Compared to the one with the official driver:

var r = require('rethinkdb');

r.connect({}, function(error, connection) {
    r.table("comments").get("eef5fa0c").run(function(error, result) {
        if (err) {
            console.log(error)
        }
        else {
            console.log(result);
        }
        connection.close();
    })
})

Note: If you were using rethinkdbdash with Node 0.11.10, please switch to rethinkdbdash-unstable.

First experience on Digital Ocean - Updating Archlinux posted on 14 March 2014

I have been using a dedicated server at OVH for a few years now, and the quality of their service has become worse and the last incidents prompted me to look for a new server.
Digital Ocean claims that they are user-friendly and since it is quite cheap, I just gave it a try.

Subscribing, setting up 2 factor authentification, starting a droplet was a blast. I picked Archlinux, and less than one minute after, my droplet was up and running.

The Arch image is quite old (June 2013) and updating the system is a little more tricky than just running pacman -Syu.
These instructions were written a few hours after the installation, so they may be slightly inaccurate.

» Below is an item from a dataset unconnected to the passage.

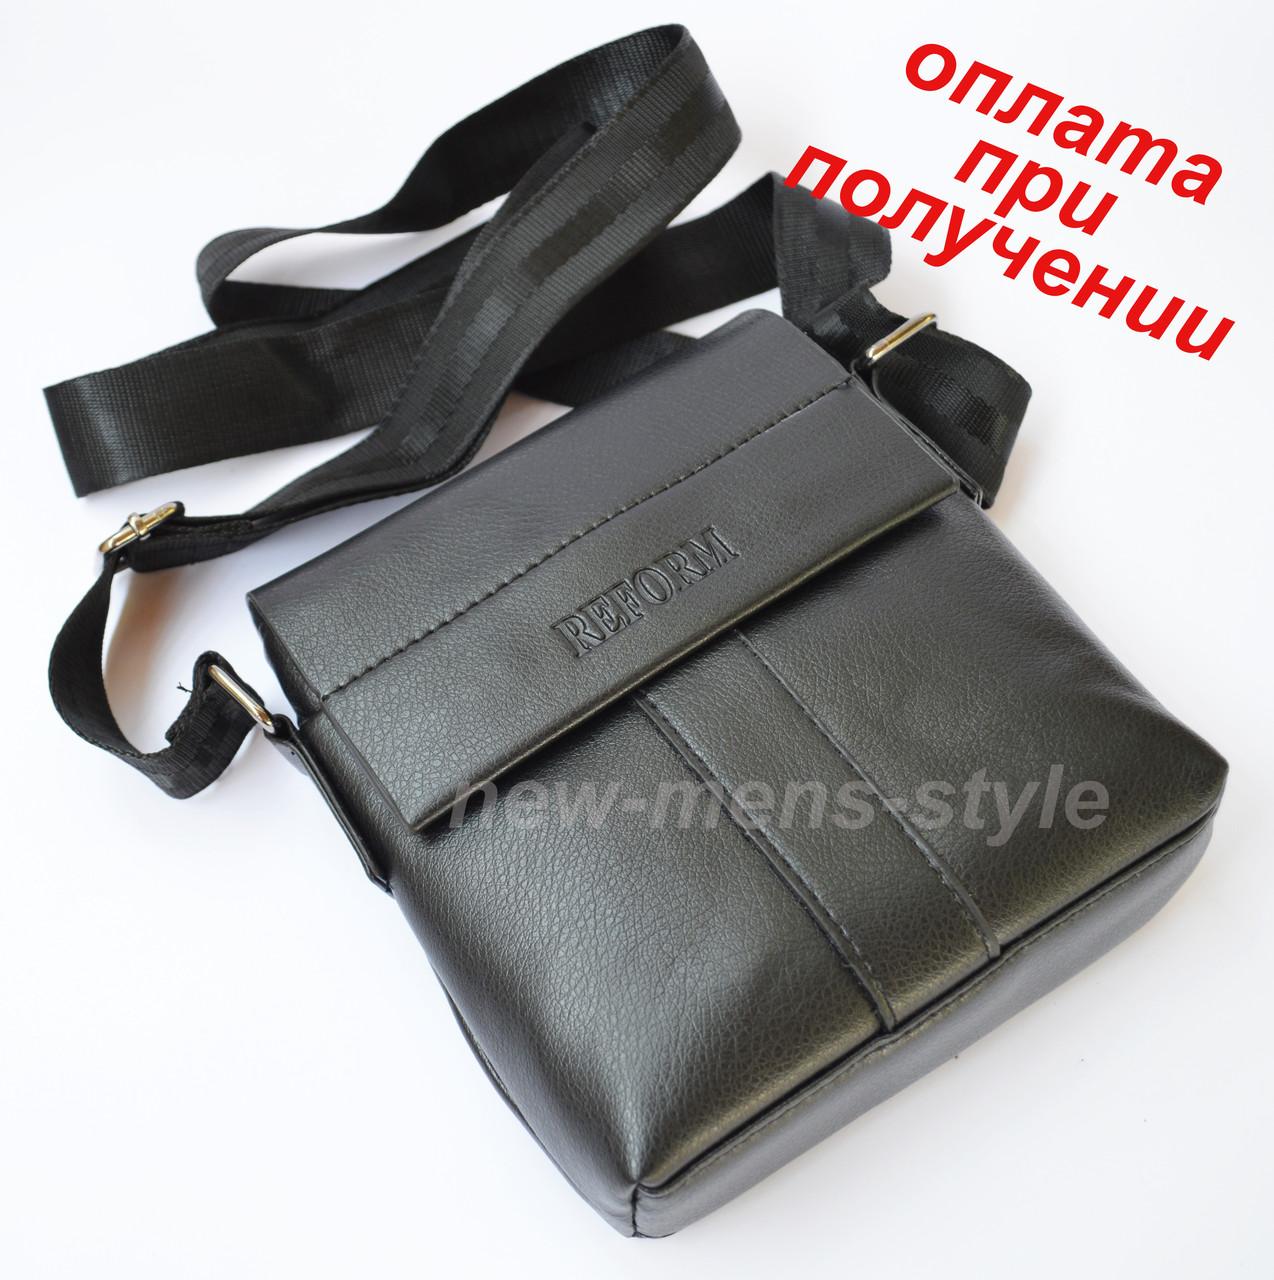 Мужская чоловіча кожаная сумка борсетка через плечо REFORM (Polo) NEW

First, update the whole system. Because Arch merged /bin, /sbin into /usr/bin and /lib into /usr/lib, you cannot just run pacman -Syu. Run instead:

pacman -Syu --ignore filesystem,bash
pacman -S bash
pacman -Su

Then remove netcfg and install netctl.

pacman -R netcfg
pacman -S netctl

Run ip addr to see your interface. In my case it was enp0s3

Create a config file /etc/netctl/enp0s3 with

Interface=enp0s3
Connection=ethernet
IP=static
Address=('<droplet_ip>/24')
Gateway='<gateway>'
DNS=('8.8.4.4', '8.8.8.8')

Enable the interface

netctl enable enp0s3

Then update the kernel via the web interface.

The network interface is going to change to something like ens3. Move /etc/netctl/enp0s3 to /etc/netctl/ens3 and change the Interface field.

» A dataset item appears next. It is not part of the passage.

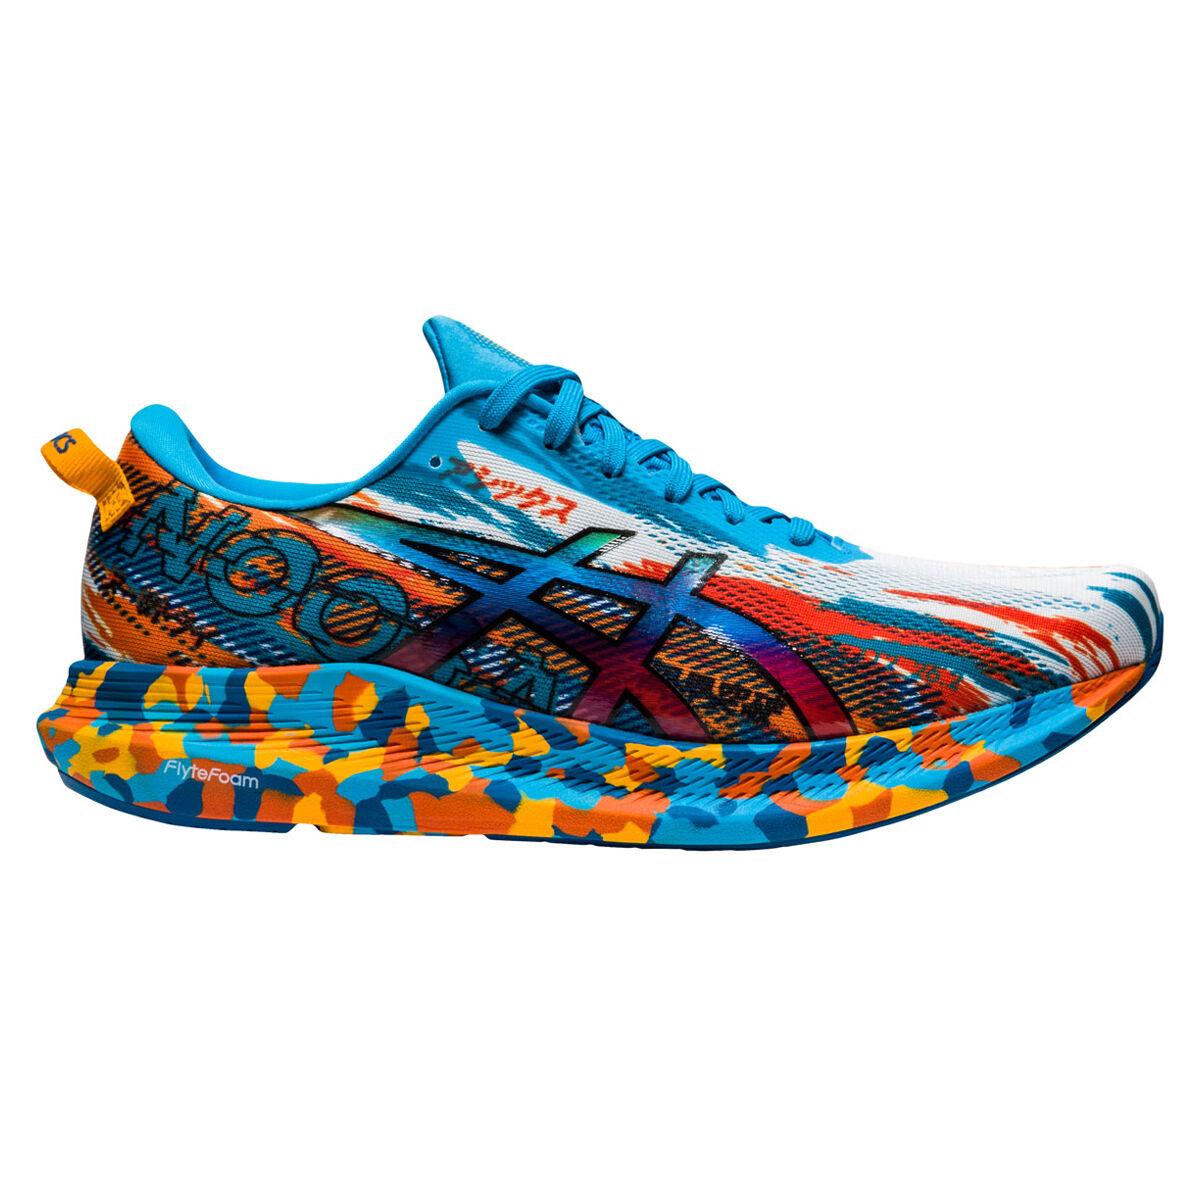 Asics GEL Noosa Tri 13 Mens Running Shoes | 7south Sport

Update /lib/systemd/system/sshd.service to be sure that the ssh daemon doesn't fail on boot

[Unit]
Description=OpenSSH Daemon
Wants=sshdgenkeys.service
#After=sshdgenkeys.service
After=network.target

[Service]
ExecStart=/usr/bin/sshd -D
ExecReload=/bin/kill -HUP $MAINPID
KillMode=process
Restart=always

[Install]
WantedBy=multi-user.target

Reboot and your server should be up to date.

And that's it for updating Arch. It was not the easiest updates, but nothing impossible. It would have been nice if Digital Ocean was provided an up to date Arch image though.


Note: You can probably directly set the network interface to ens3.
In the worst case you can still access your machine with Digital Ocean's web shell and fix things there.